The biogenesis of miRNAs and its potential role in clarifying the pathway’s evolutionary history

The discussion whether plant and animal miRNA pathways evolved in a common ancestor or independently from an ancient RNAi mechanism must include the differences and similarities in miRNA biogenesis (Fig. 3). miRNAs are synthesized as primary hairpins (pri-miRNAs) and are processed to pre-miRNAs by cutting the hairpin stem, followed by cleaving the hairpin loop ^3,7. Next, they are loaded on to an Argonaute (AGO) protein and one RNA strand is selected for complementary target mRNA inhibition or cleavage ^3,7. In animals, the first step is conducted by a specialized microprocessor complex comprised of the RNAse III Drosha with the aid of the RNA binding protein Pasha (DGCR8 in vertebrates), while the second step of cleavage is performed by the RNAse III Dicer (Fig. 3) ⁷. In plants, the Dicer homolog, DICER-LIKE 1 (DCL1), is responsible for both processing events required for miRNA maturation, conducting the two exact same steps in the same order ^2,28. In both plants and animals Dicer is crucial for processing the precursor miRNA (pre-miRNA) into mature miR/miR* dsRNA duplexes ^2,7,25,50. However, Dicers are common in many eukaryotes and also take part in non-miRNA activities such as RNAi via endogenous siRNA biogenesis and viral defence ^25,51 and therefore cannot be used as an argument for the common origin of miRNAs. Phylogenetic and structural analyses indicate that animal Drosha proteins are related to plant and animal Dicers, suggesting that in animals Drosha may have evolved following a duplication of the common ancestor of Dicer and Drosha and further specialised in the first processing step of miRNAs ^25,52. A very recent study found that miRNAs in Chlamydomonas are processed by DICER-LIKE3 (DCL3), a Dicer homolog that exhibits a domain organization similar to that of Drosha ⁵³. This finding hints at a possible evolutionary link between miRNA biogenesis in green algae and animals.

Figure 3.

A scheme describing the plant and animal canonical miRNA biogenesis pathways. Homologs carrying similar functions such as Ars2 of animals and Serrate of plants are represented in the same color. This figure is modified after ⁵⁴ with permission.
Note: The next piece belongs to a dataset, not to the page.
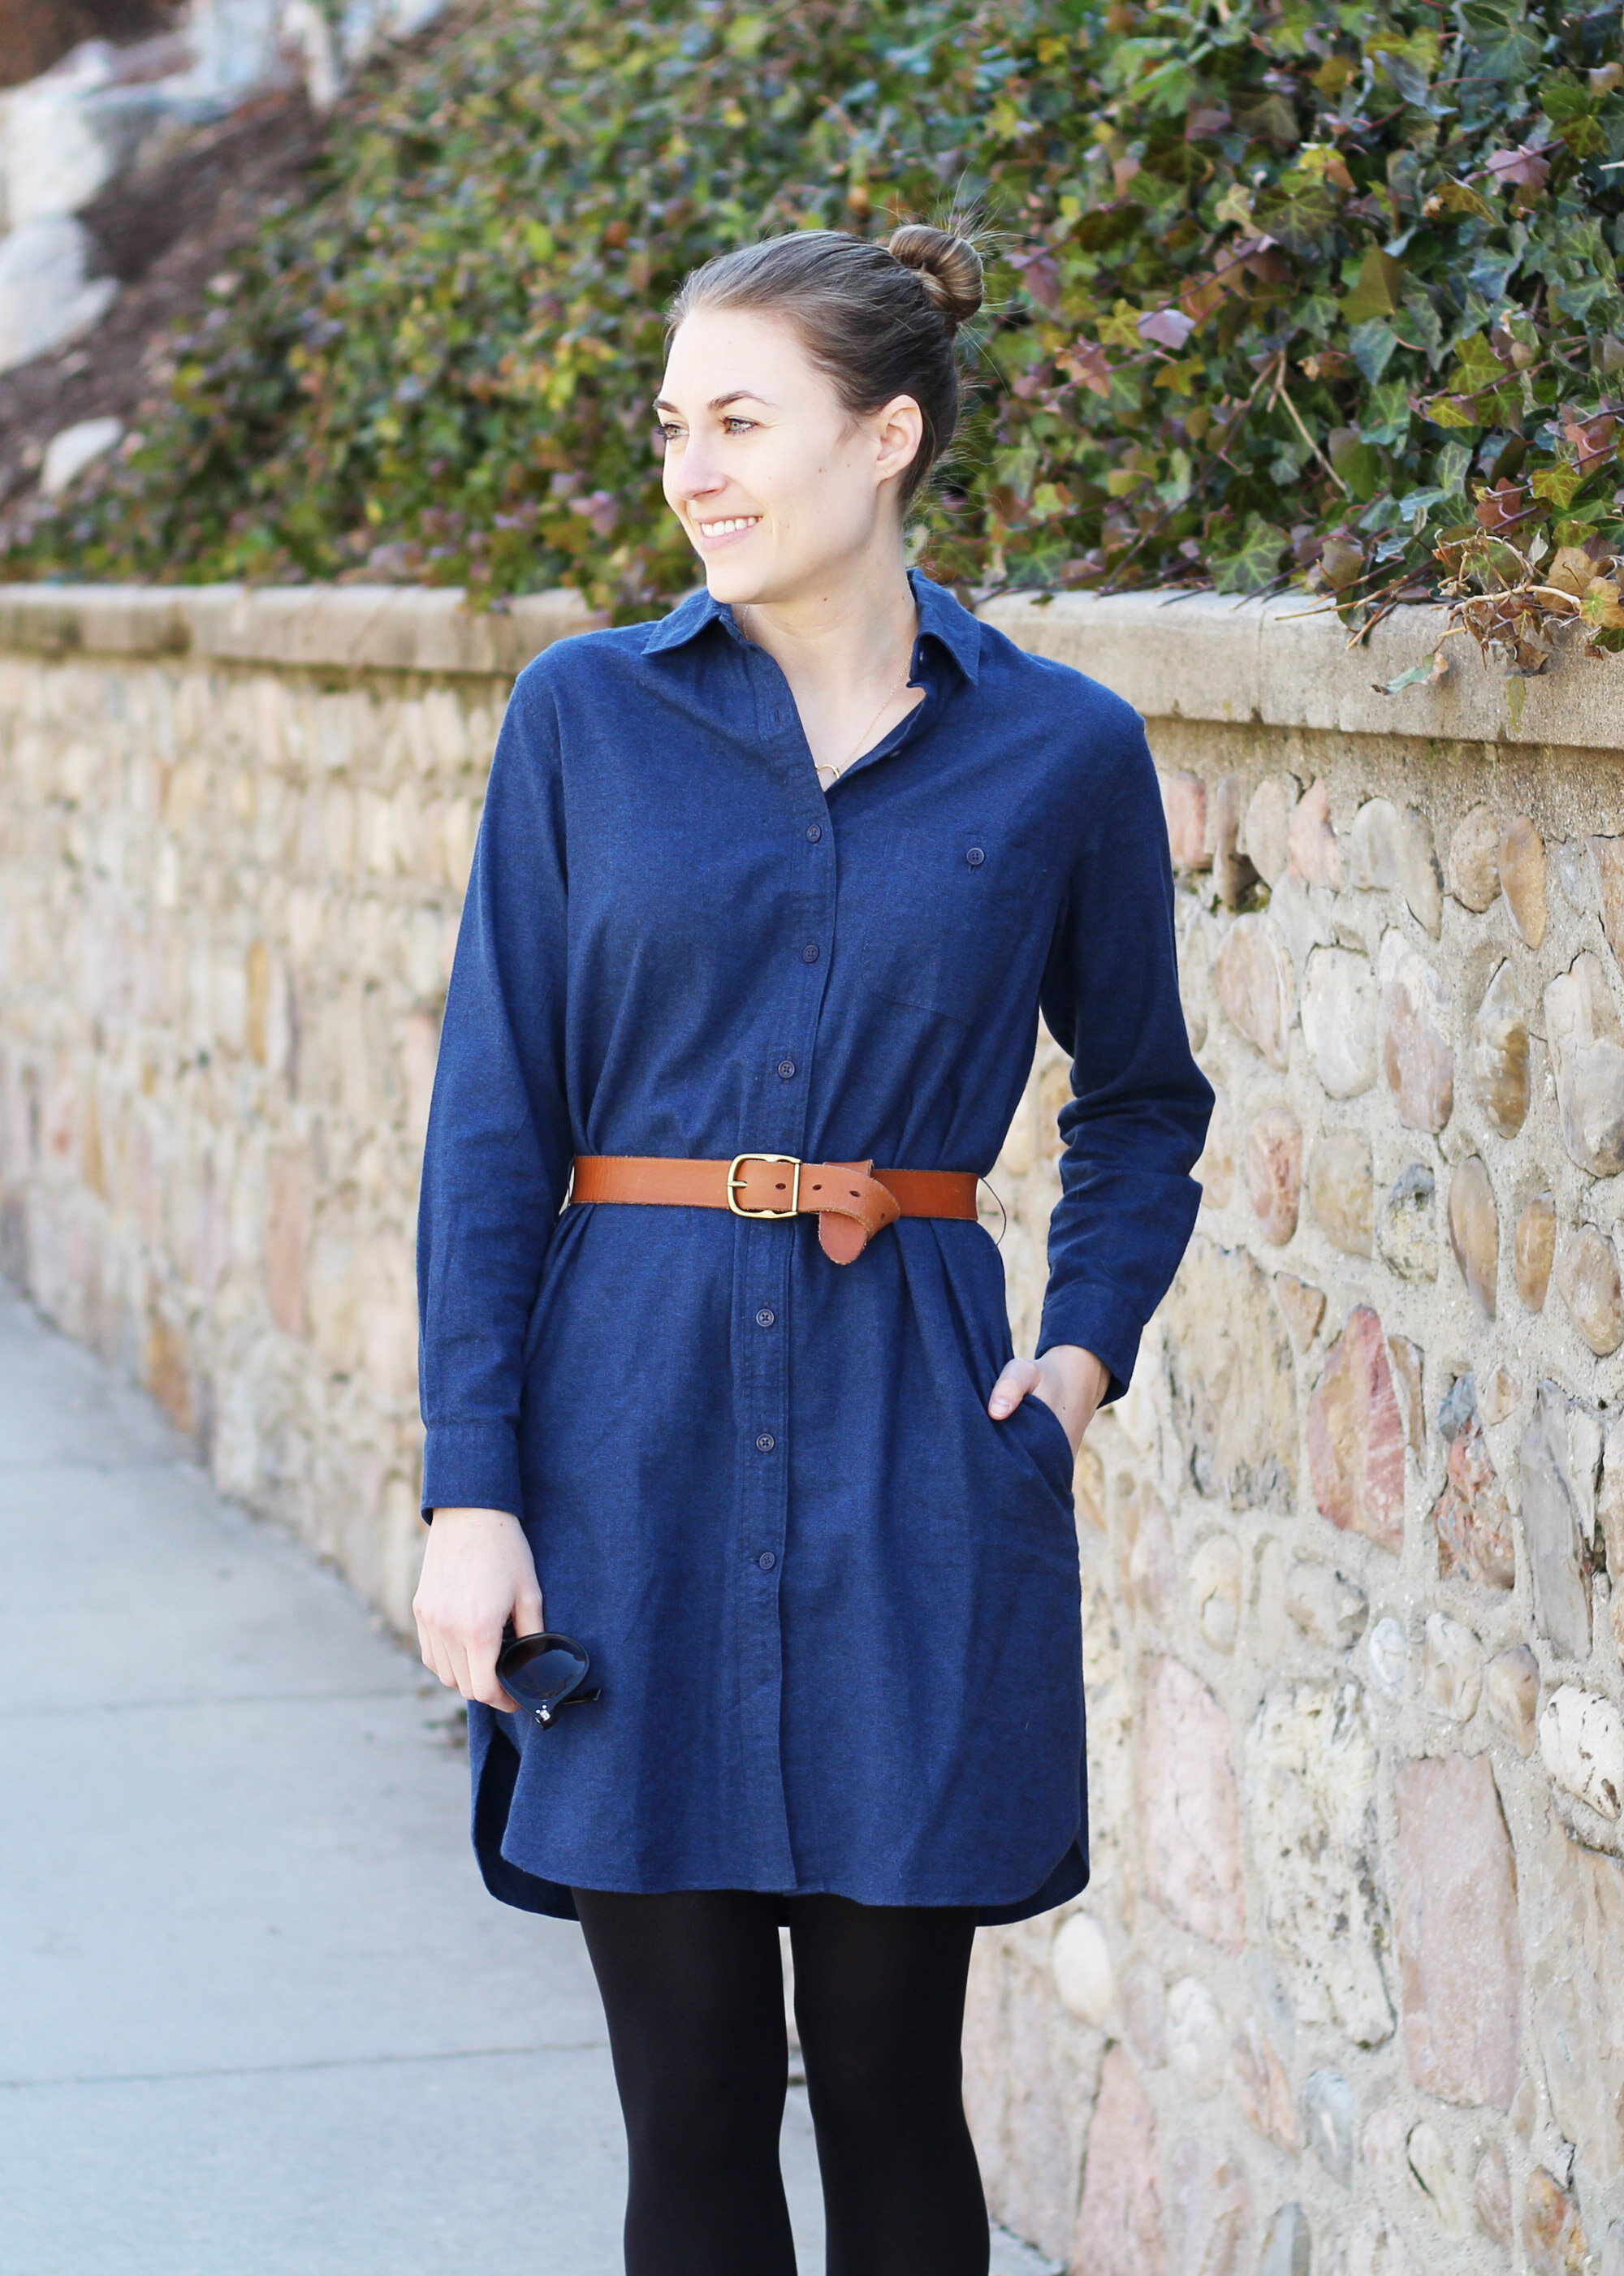 3 Ways to Wear a Plaid Flannel Dress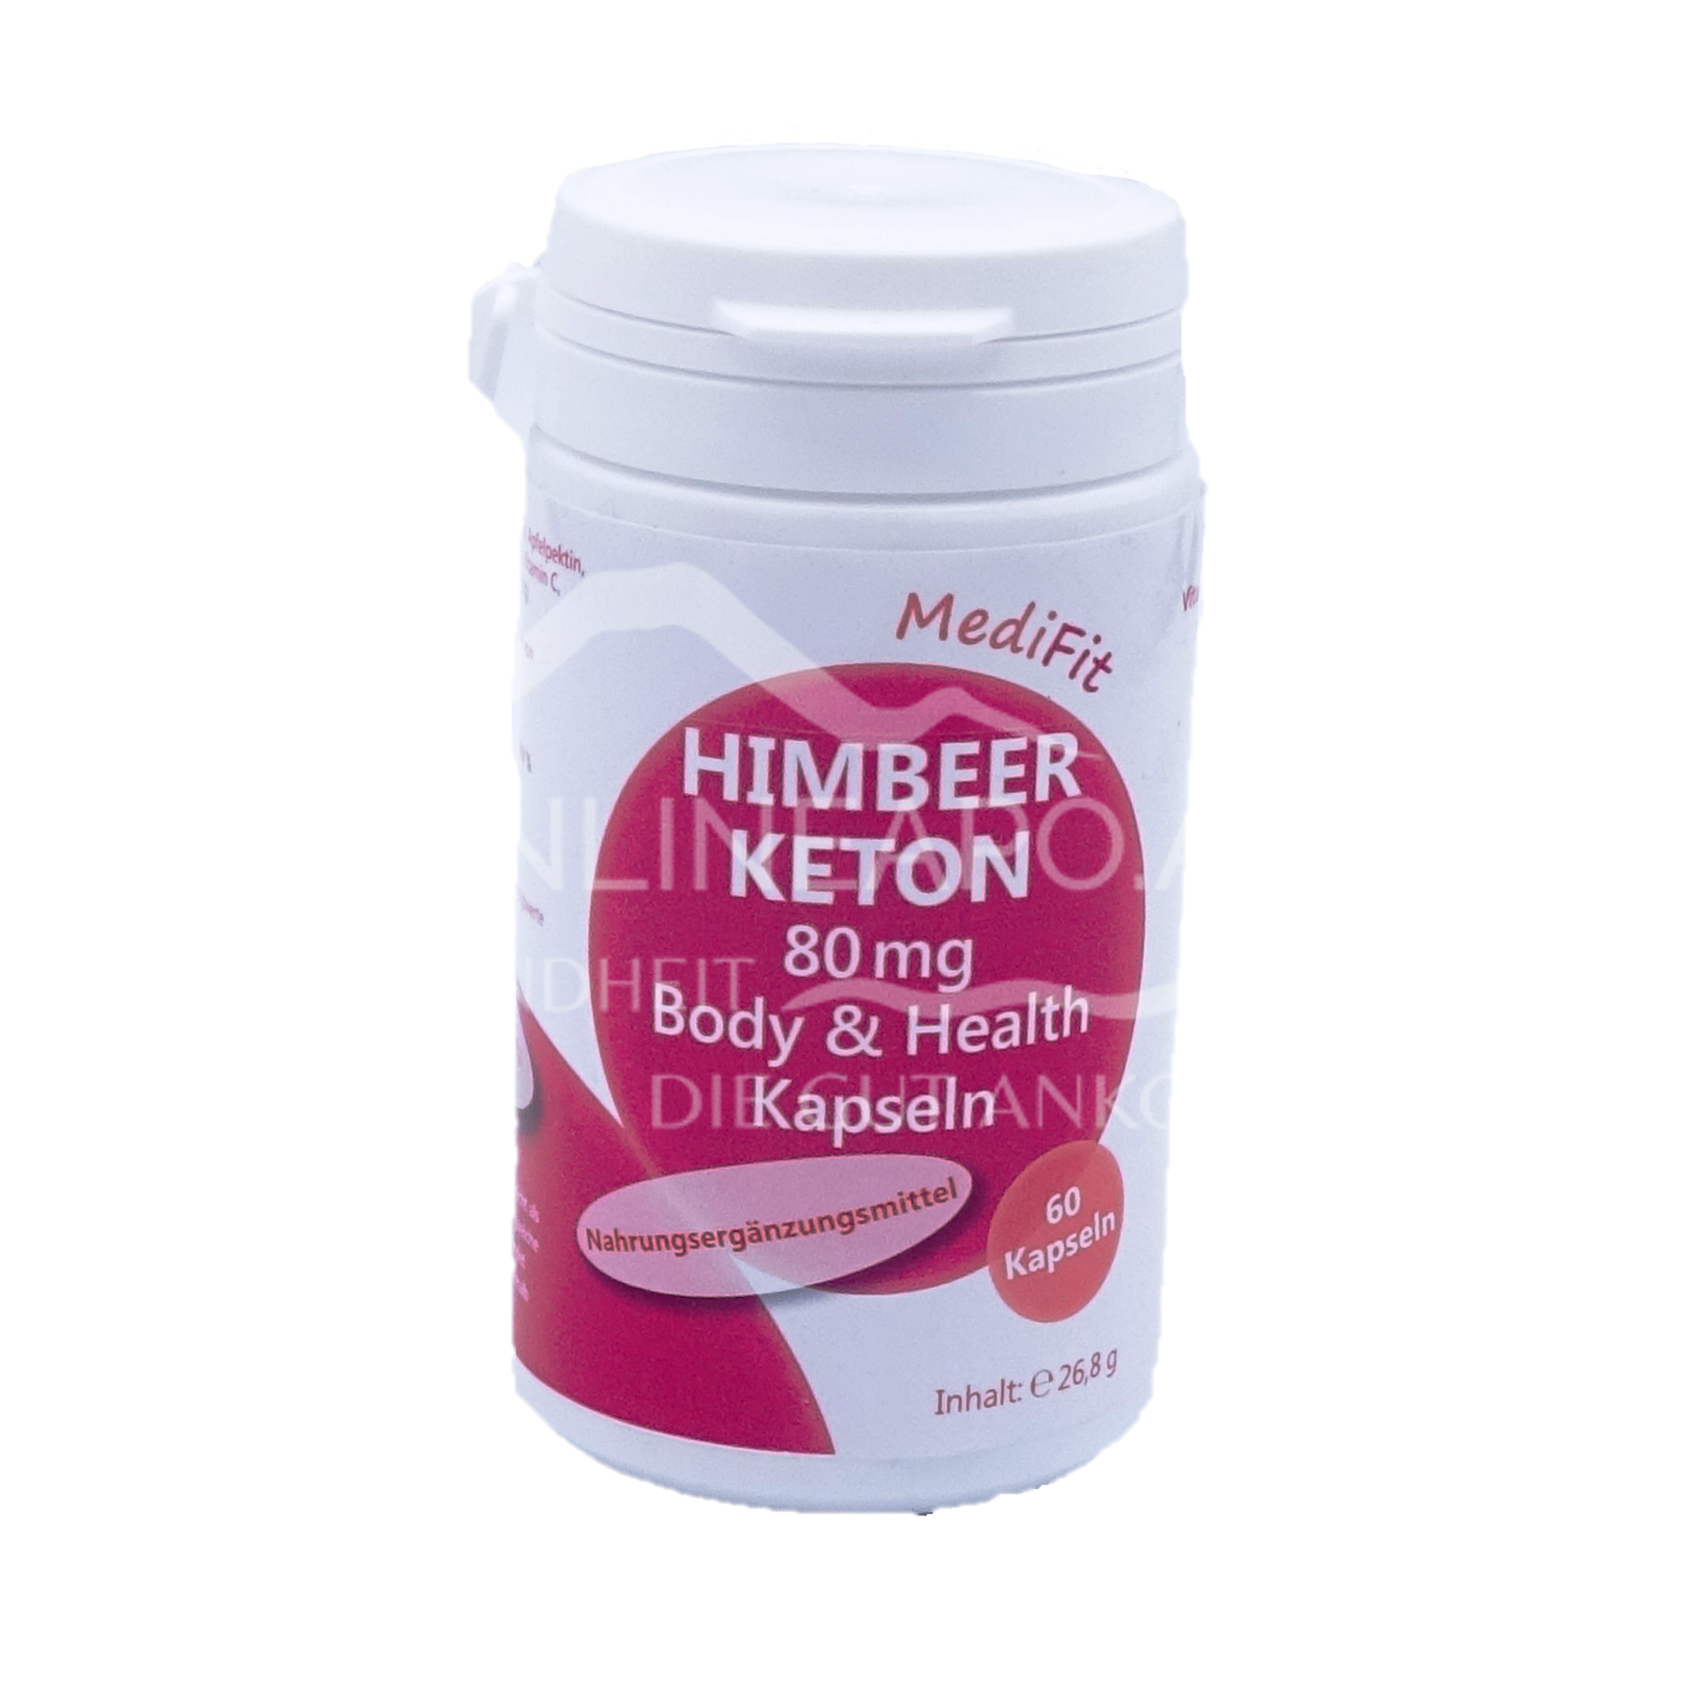 Himbeerketon 80 mg Body & Health Kapseln

Both Drosha and Pasha homologs were found in Cnidaria ^13,54 and in two sponge lineages ^13,17, for which independent evolution of the miRNA pathway has been proposed . Thus, Drosha and Pasha were already present in the common ancestor of all sponges, Cnidaria and Bilateria and likely served miRNA-related functions, although their involvement in the miRNA pathway in the first two lineages remains to be shown. If Drosha and Pasha have an ancestral function in miRNA processing in these lineages, the only explanation for the lack of homology of miRNA sequences in distinct sponge lineages would be high turnover rates of miRNA genes (see above). Nevertheless, it should be noted that Drosha and Pasha are known to be involved also in non-miRNA related functions in mammalian cells that range from ribosomal RNA maturation to cleavage of specific mRNAs (reviewed in ⁵⁵). The tendency to associate the presence of the microprocessor components with the presence of miRNAs in basally-branching lineages may thus be misleading.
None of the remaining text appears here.